Beej sat calmly as the god sliced into his scalp. There was not much pain—the knife was very sharp. The god touched the bones of Beej’s head and tugged, and the plates parted. The sensation sent a shiver through Beej’s body. It was better than orgasm. It was an earthquake in his flesh.
With the tip of the knife, the god began writing on the surface of Beej’s brain.
Knowledge filled him. He knew where the god was imprisoned. He knew about the artist, Garamond Ray, and how the god had been changed and trapped—and he knew what Marzi had done, what she was still doing. Beej whimpered as the god’s mind brushed against his own. Even at this distance, with the god only reaching through the crack in the door of his prison, Beej sensed its enormity, its inhumanity, its unrelenting purpose.
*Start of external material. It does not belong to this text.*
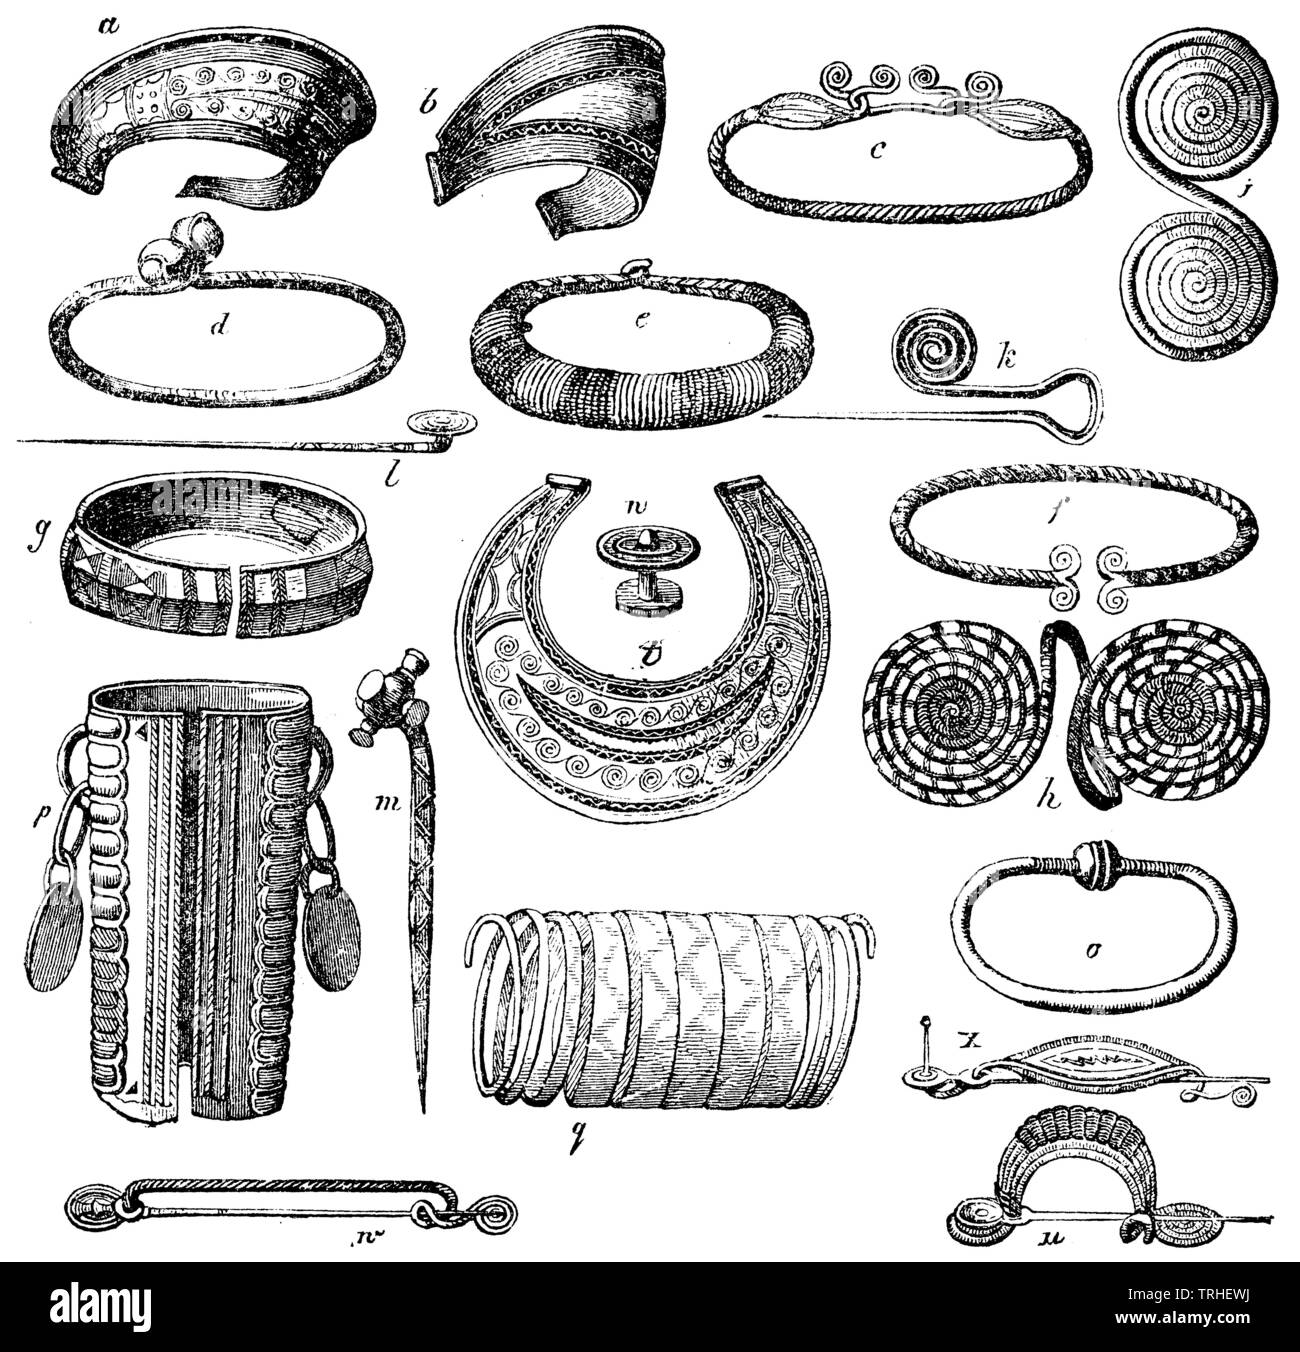 Antique bronze bijoux. a, b) diadèmes. c, d e)des couronnes, bagues de col. f, g) poignet fermoirs. h, i) Bijoux de bras, Double disques. k, l, m) les aiguilles. n) le double bouton. o) bracelet de poignet. p, q) Bijoux de bras. u, w, x) fibules, , (1874), livre d'anthropologie Banque D'Images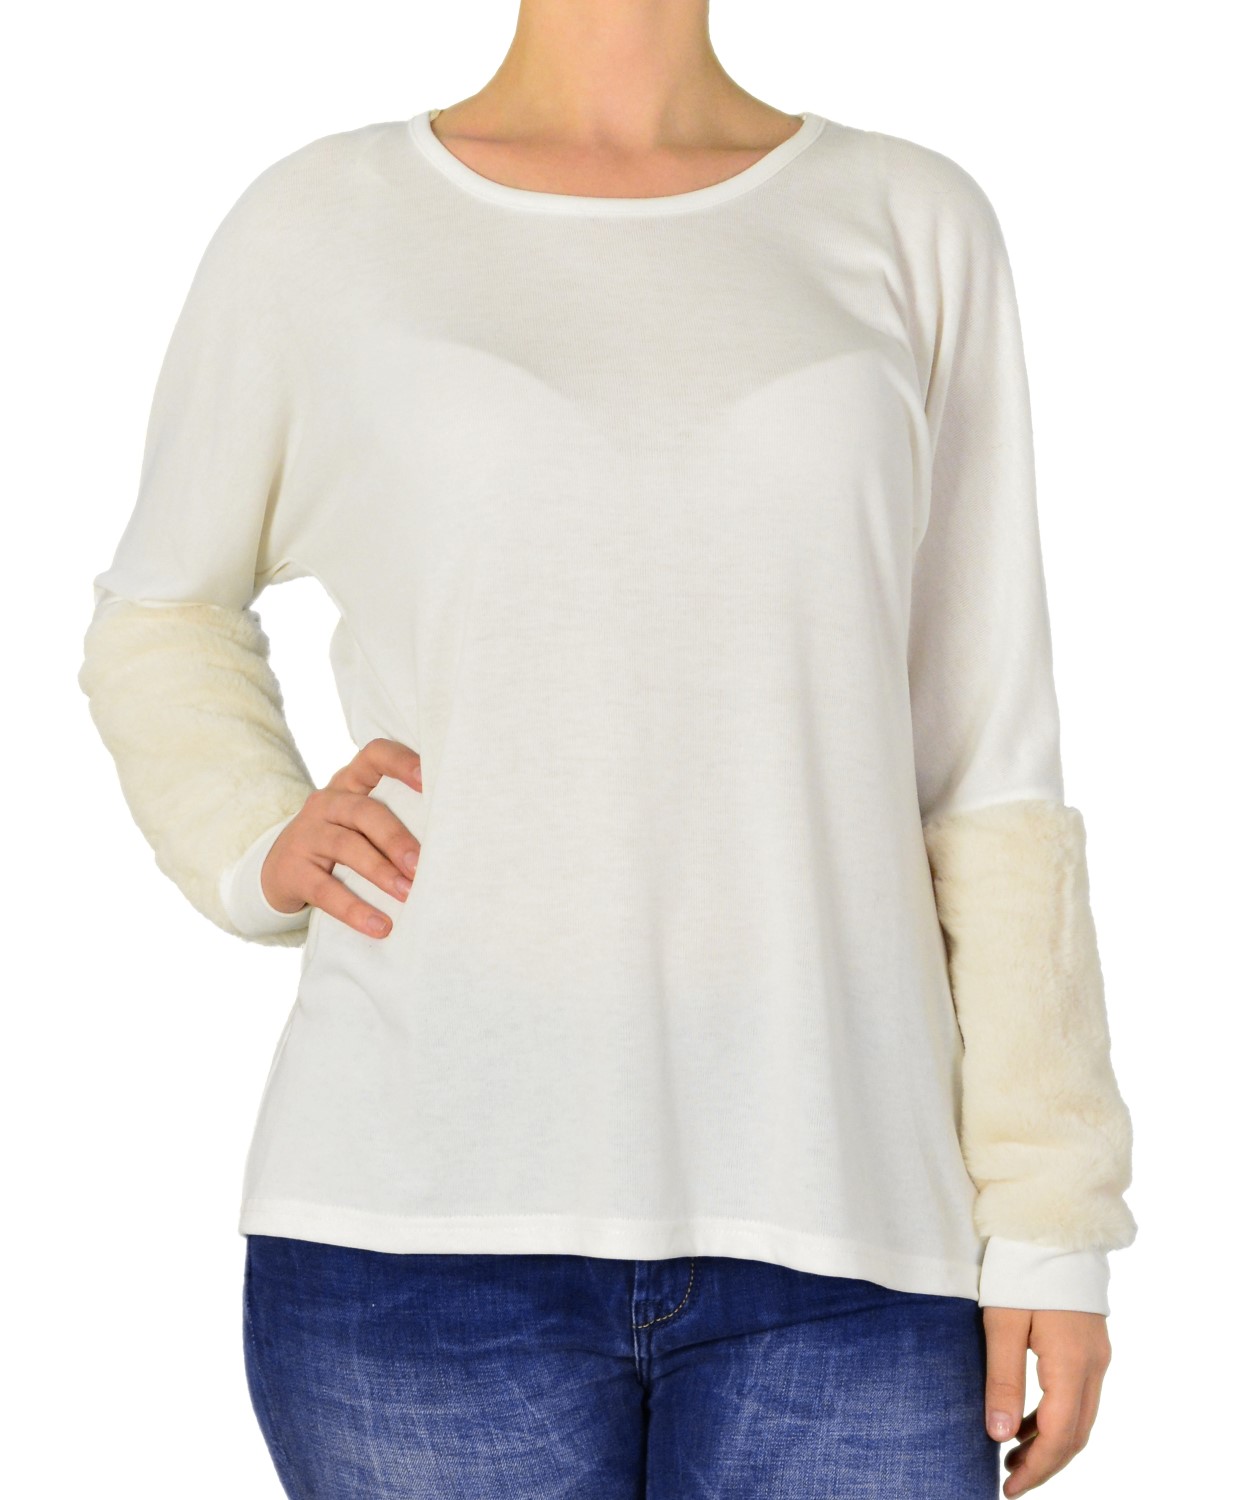 Γυναικεία μακρυμάνικη μπλούζα λευκή με γούνινα μανίκια 2170127F

Its message conveyed, the god retreated, putting the bones in Beej’s head back together. A breeze blew in through the fence, swirling the god apart, wisping its transitory body into nothingness. Beej touched his head tenderly and found it unharmed. He smoothed down his hair, feeling grubby and human again.
The things on the altar were smoking lumps, blackened by fire, and Marzi’s comics were now ashes. Beej touched the warm altar stone for a moment, then trudged up out of the hole.
The sense of total understanding was fading, had begun to fade the moment the god stopped touching him, but Beej remembered enough. He knew what he had to do first.
He had to break into Genius Loci, and open a door.